本發明實施例主要結合拼接法(concatenative)歌聲合成器以及多說話者聲音轉換模型,其中包括使用拼接法歌聲合成器解析音樂的資料表示(例如MusicXML)檔案以合成一個虛擬歌聲。之後,再用聲音轉換模型把此虛擬歌聲轉換成不同的音色。本發明實施例是藉由預先錄好所有中文單字的發音,來實現拼接法歌聲合成器。對於聲音轉換模型,本發明實施例使用了對抗式深層網路(Generative adversarial network,GAN)的語音轉換(Voice convert,VC)模型來實現各個說話者之間的聲音轉換,使得該模型可以實 現多個可區分音色的聲音的生成。 Embodiments of the present invention mainly combine a concatenative singing voice synthesizer and a multi-speaker voice conversion model, which include using a concatenative singing voice synthesizer to parse a music data representation (such as MusicXML) file to synthesize a virtual singing voice. Afterwards, the sound conversion model is used to convert the virtual singing voice into different timbres. The embodiment of the present invention implements a splicing method singing voice synthesizer by pre-recording the pronunciations of all Chinese words. For the voice conversion model, the embodiment of the present invention uses a voice convert (VC) model of a deep adversarial network (GAN) to realize voice conversion between speakers, so that the model can be implemented Now generate multiple sounds with distinguishable timbres.
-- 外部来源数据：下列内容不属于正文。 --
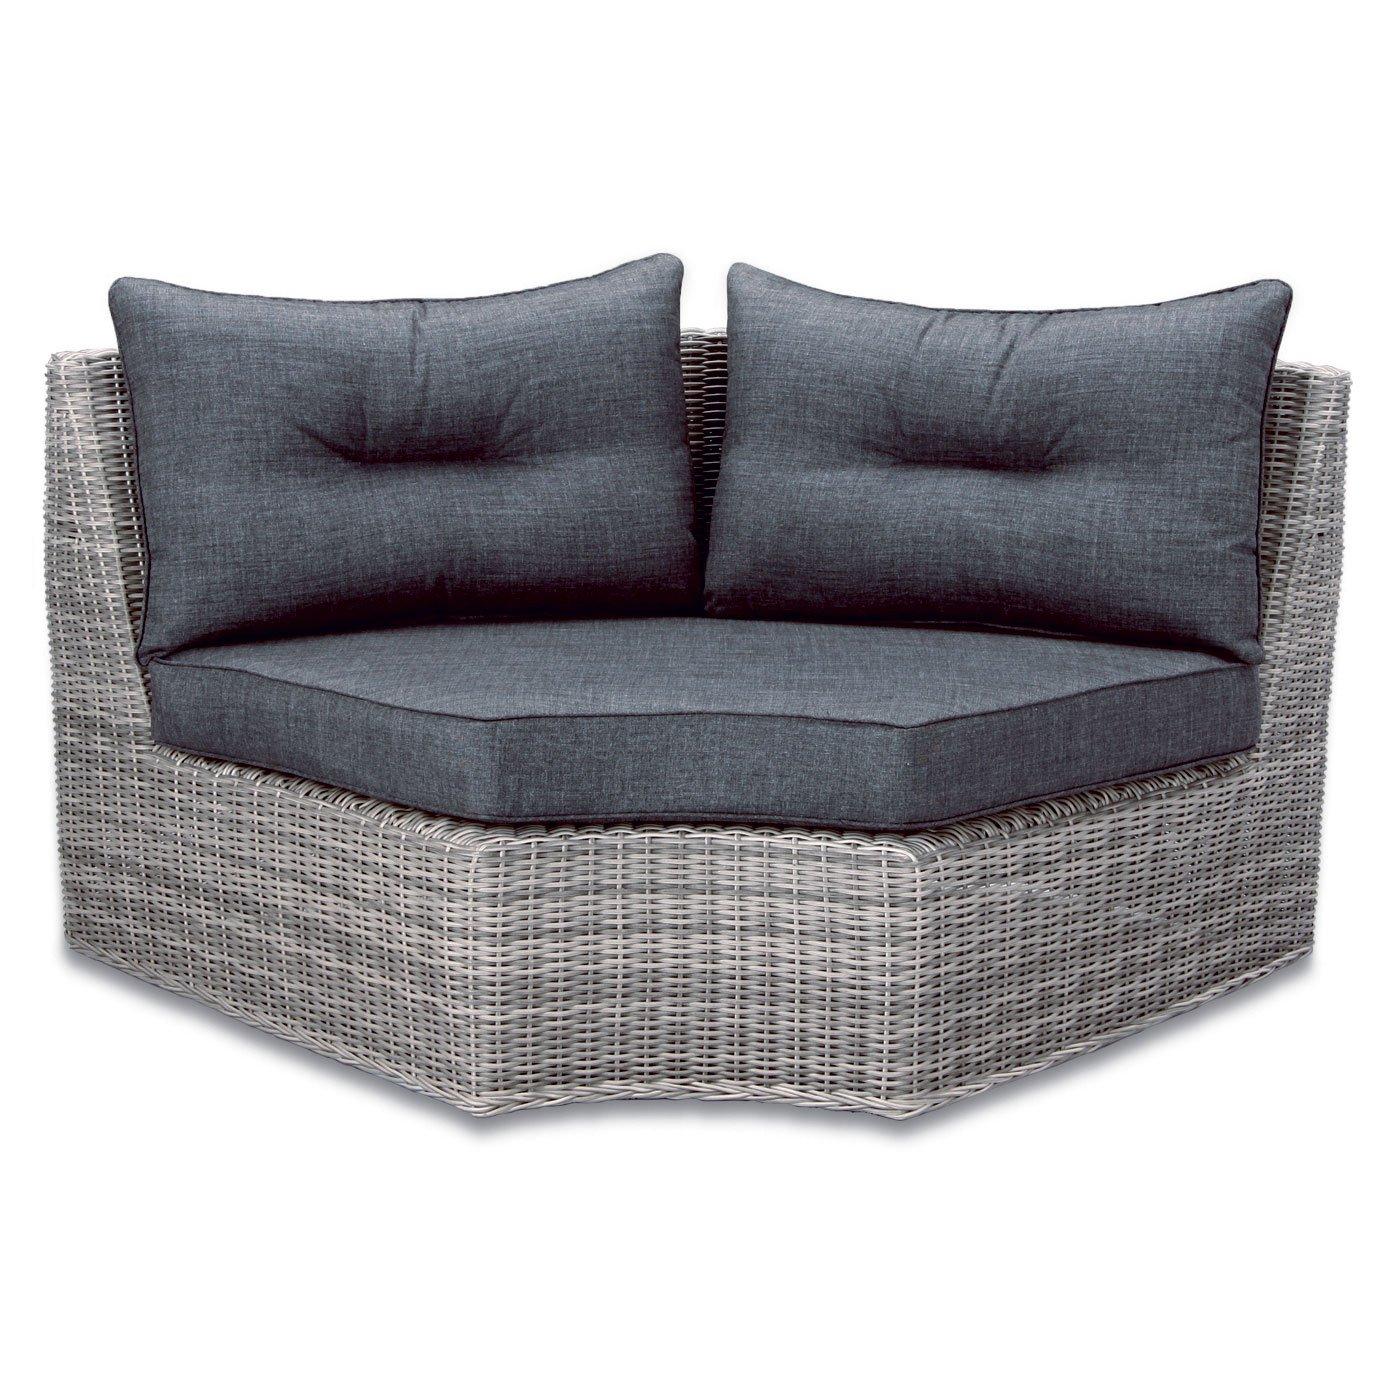 BEST 48810303 Eckteil Lounge Bombay kaufen

圖1是根據本發明一實施例所繪示的透過歌聲轉換設計個人化虛擬歌手的裝置的方塊圖。請參照圖1,本發明實施例的透過歌聲轉換設計個人化虛擬歌手的裝置10(以下簡稱裝置10)例如是具有運算能力的檔案伺服器、資料庫伺服器、應用程式伺服器、工作站或個人電腦等計算機裝置,其中包括連接裝置12、儲存裝置14及處理器16等元件,其功能分述如下:
連接裝置12例如是任意的有線或無線的介面裝置,其可用以連接並存取位於遠端或本地端(即,儲存於儲存裝置14中)的音訊資料庫,以查詢並接收音訊資料。對於有線方式而言,連接裝置12可以是通用序列匯流排(universal serial bus,USB)、RS232、通用非同步接收器/傳送器(universal asynchronous receiver/transmitter,UART)、內部整合電路(I2C)、序列周邊介面(serial peripheral interface,SPI)、顯示埠(display port)或雷電埠(thunderbolt)等介面,但不限於此。對於無線方式而言,連接裝置12可以是支援無線保真(wireless fidelity,Wi-Fi)、RFID、藍芽、紅外線、近場通訊(near-field communication,NFC)或裝置對裝置(device-to-device,D2D)等通訊協定的裝置,但不限於此。在一些實施例中,連接裝置12亦可以是支援乙太網路(Ethernet)或是支援802.11g、802.11n、802.11ac等無線網路標準的網路卡,亦不限於此。
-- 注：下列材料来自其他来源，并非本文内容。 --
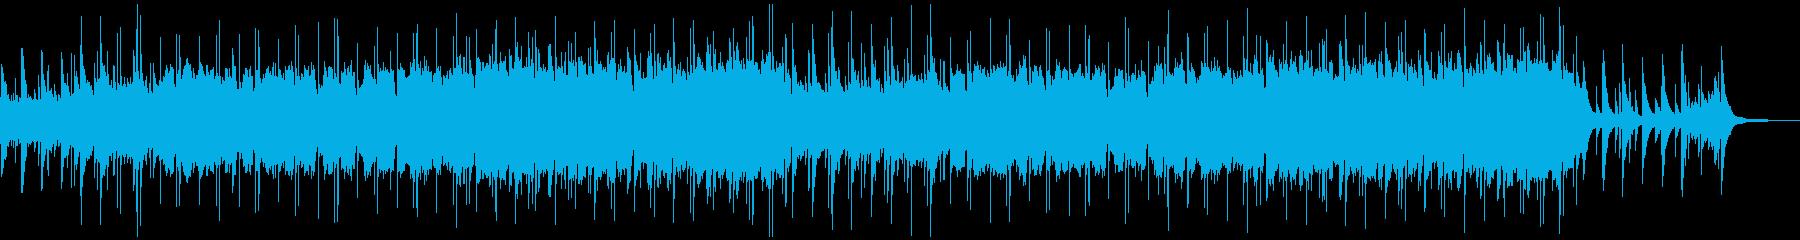 オーボエとピアノの哀愁漂うバラードの再生済みの波形

FIG. 1 is a block diagram of a device for designing a personalized virtual singer through singing voice conversion according to an embodiment of the present invention. Please refer to Figure 1. The device 10 (hereinafter referred to as the device 10) for designing a personalized virtual singer through singing voice conversion according to an embodiment of the present invention is, for example, a file server, a database server, an application server, a workstation or a personal computer with computing capabilities. Computer devices such as computers include components such as a
儲存裝置14例如是任意型式的固定式或可移動式隨機存
取記憶體(Random Access Memory,RAM)、唯讀記憶體(Read-Only Memory,ROM)、快閃記憶體(Flash memory)、硬碟或類似元件或上述元件的組合,而用以儲存可由處理器16執行的電腦程式。在一實施例中,儲存裝置14亦可儲存由裝置10所建構的音訊資料庫或從遠端的音訊資料庫下載的音頻資料,在此不設限。
The
處理器16例如是中央處理單元(Central Processing Unit,CPU),或是其他可程式化之一般用途或特殊用途的微處理器(Microprocessor)、微控制器(Microcontroller)、數位訊號處理器(Digital Signal Processor,DSP)、可程式化控制器、特殊應用積體電路(Application Specific Integrated Circuits,ASIC)、可程式化邏輯裝置(Programmable Logic Device,PLD)或其他類似裝置或這些裝置的組合,但本實施例不限於此。在本實施例中,處理器16可從儲存裝置14載入電腦程式,以執行本發明實施例的多說話者的歌聲合成方法。
The
圖2是依照本發明一實施例所繪示的透過歌聲轉換設計個人化虛擬歌手的方法的流程圖。請同時參照圖1及圖2,本實施例的方法適用於圖1的裝置10。以下即搭配裝置10的各項裝置及元件說明本實施例的多說話者的歌聲合成方法的詳細步驟。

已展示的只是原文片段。